В красоте твоей смиренной.
Удрученный ношей крестной,
Всю тебя земля родная,
В рабском виде Царь Небесный
Исходил, благословляя.
Волошин пишет дальше.
“Удивительно то, что решительно все, передававшие мне содержание поэмы Блока прежде, нежели ее текст попал мне в руки, говорили, что в ней изображены двенадцать красногвардейцев в виде апостолов и во главе их идет Иисус Христос. Когда мне пришлось однажды в обществе петербуржцев, близких литературным кругам и слышавших поэму в чтении, утверждать, что Христос вовсе не идет во главе двенадцати красногвардейцев, то против меня поднялся вопль – как же и Мережковские возмущены кощунственным смыслом поэмы и такой-то и такой-то порвали с Блоком из-за нее – это всё Ваши обычные парадоксы; может быть, Вы будете утверждать, что и двенадцать – вовсе не апостолы.”
Никто из читателей, включая и самого Максимилиана Александровича Волошина, не обладали искусством медленного чтения. Не раз и не два я повторяла, что это основа основ, без этого ничего нет: или надо читать книги медленно и учиться этому, или лучше смотреть телевизор.

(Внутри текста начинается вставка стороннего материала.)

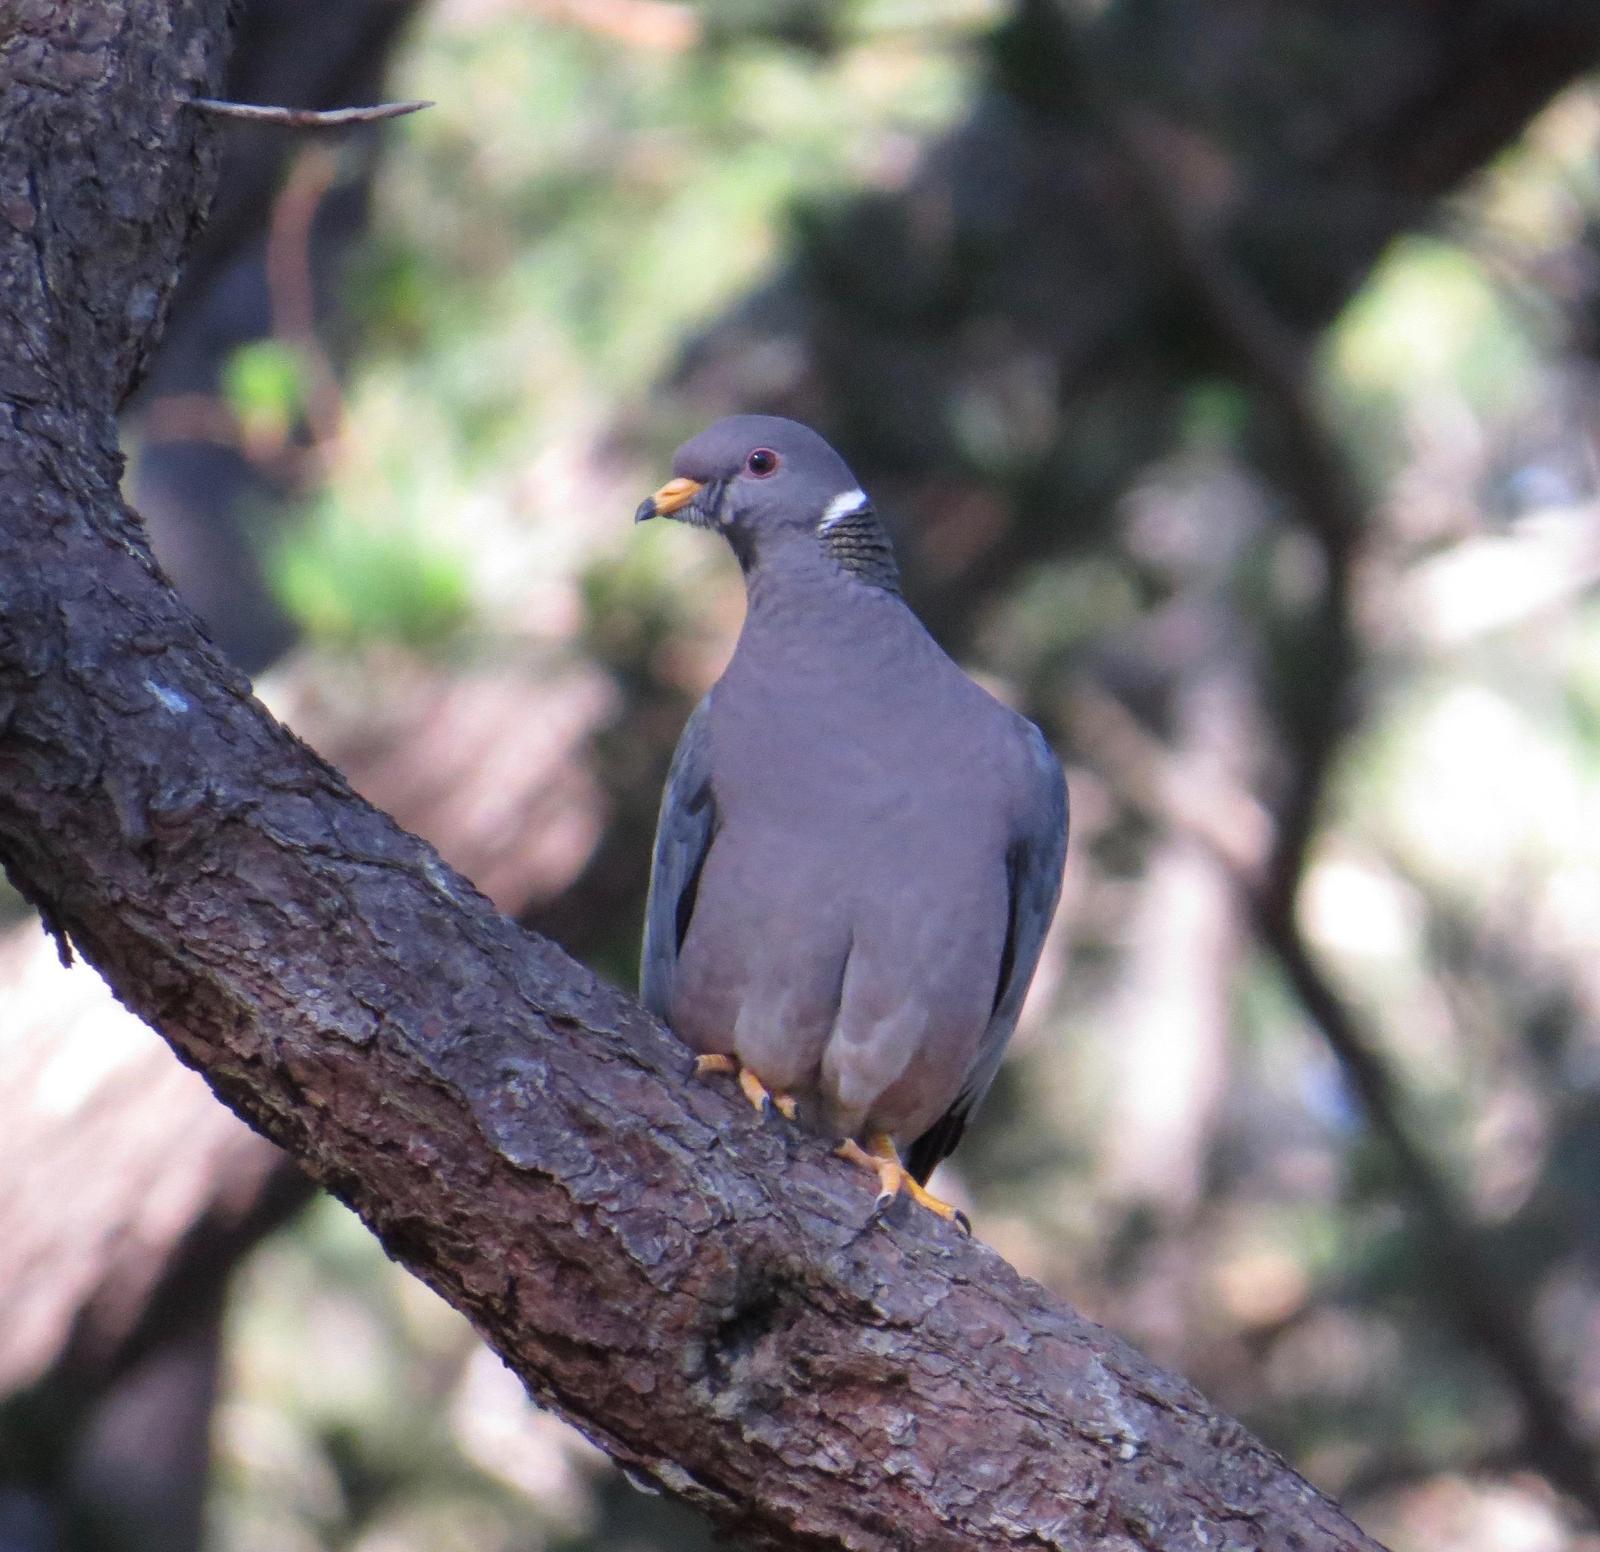 Band-tailed Pigeon Photo by Don Glasco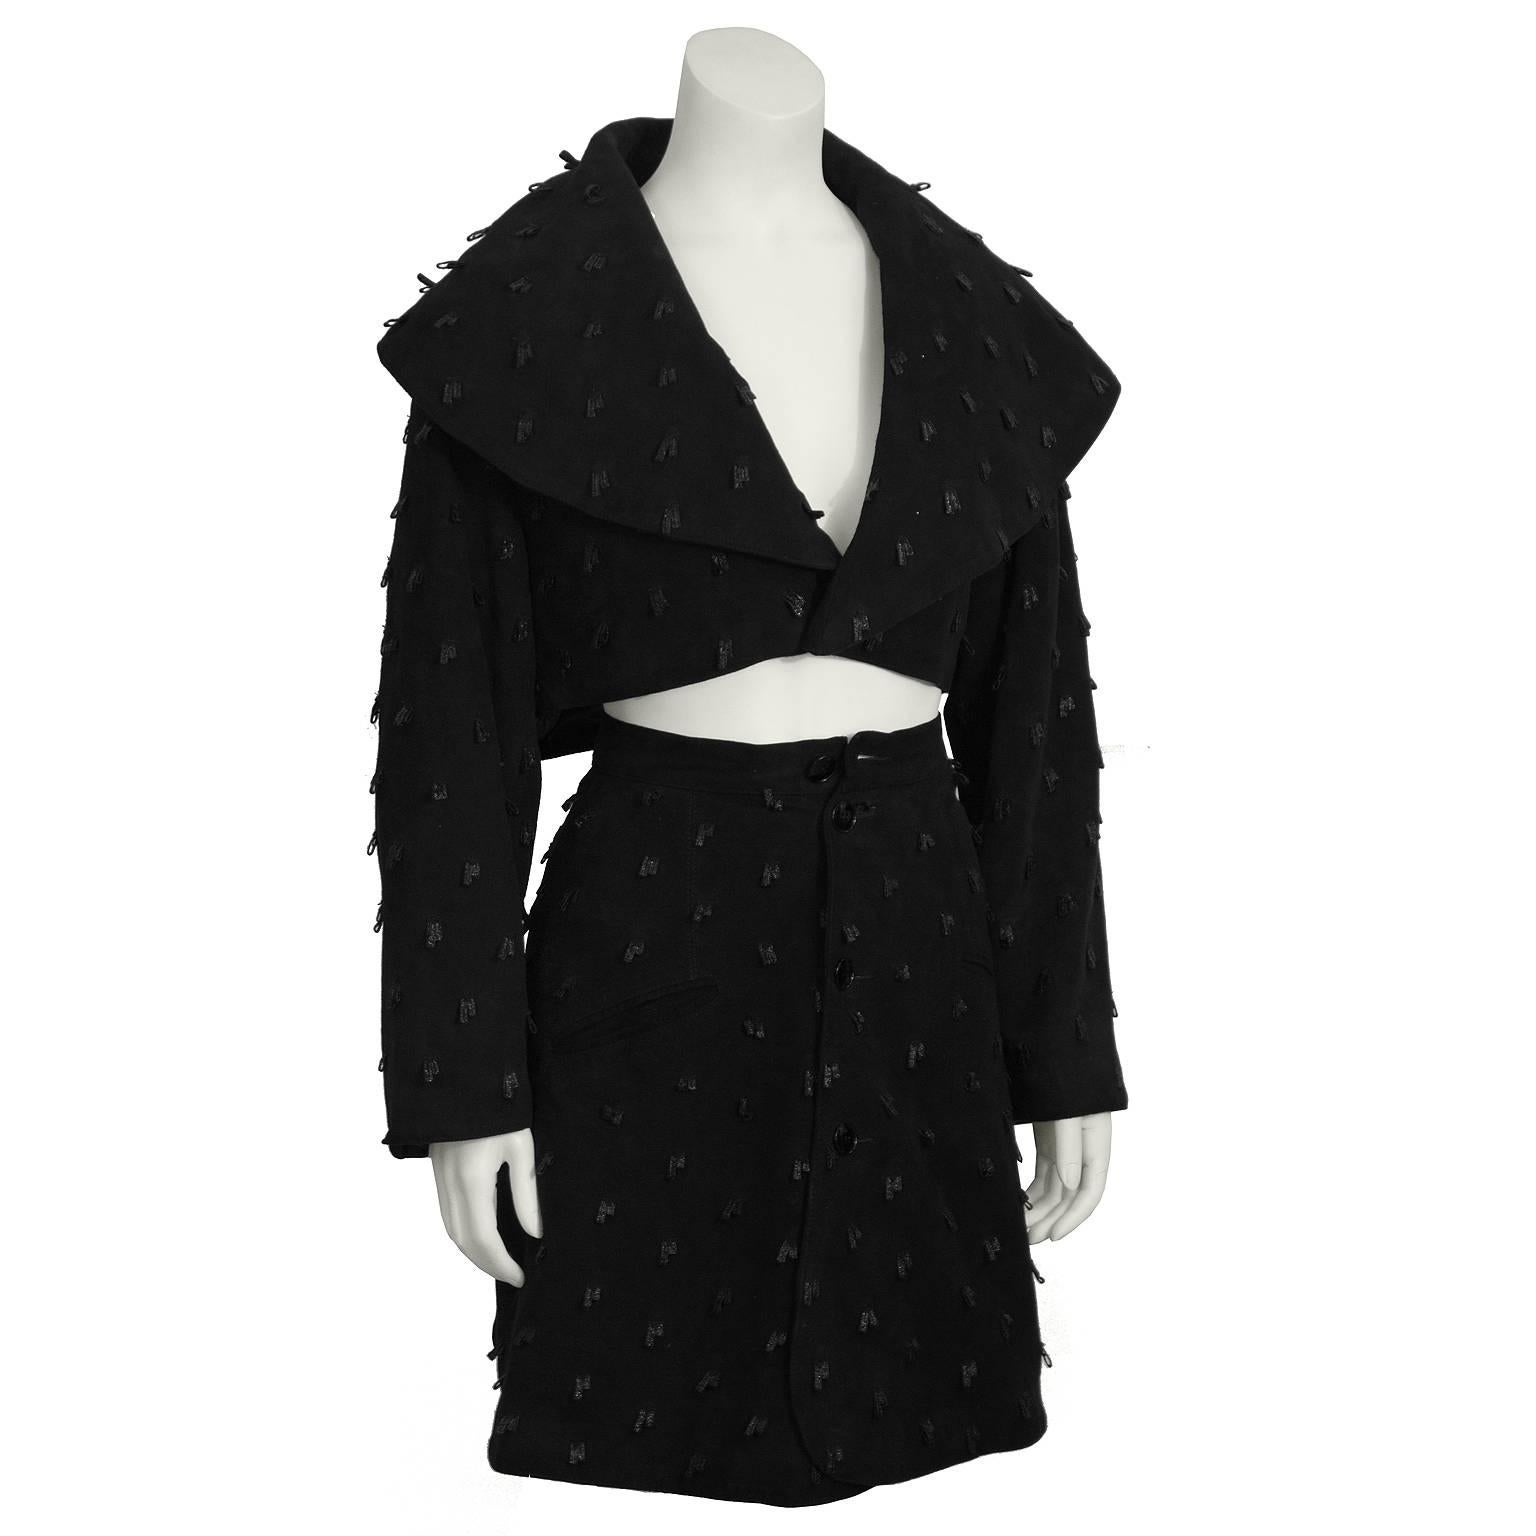 This chic Alaia black suede set from the 1980's features a cropped jacket, and mini skirt. Jacket has extended shawl style collar, and single front button closure. A-line mini wrap skirt has two slit pockets at the hips. Front button closure. Unique

Прежде чем читать поэму “Двенадцать”, надо выучить язык Блока, как учат язык зверей, например. У Блока свой язык и его надо учить, иначе он говорит на непонятном языке. Как у Пушкина “Что в имени тебе моём”
Узором надписи надгробной
На непонятном языке.
Начнём с того, что красных флагов в поэме два, третий может быть у двенадцати и может его не быть, но “других” флагов два. Первый флаг, который и расстреливается красногвардейцами, - его несёт не Христос:
Кто там машет красным флагом?
Приглядись-ка, эка тьма!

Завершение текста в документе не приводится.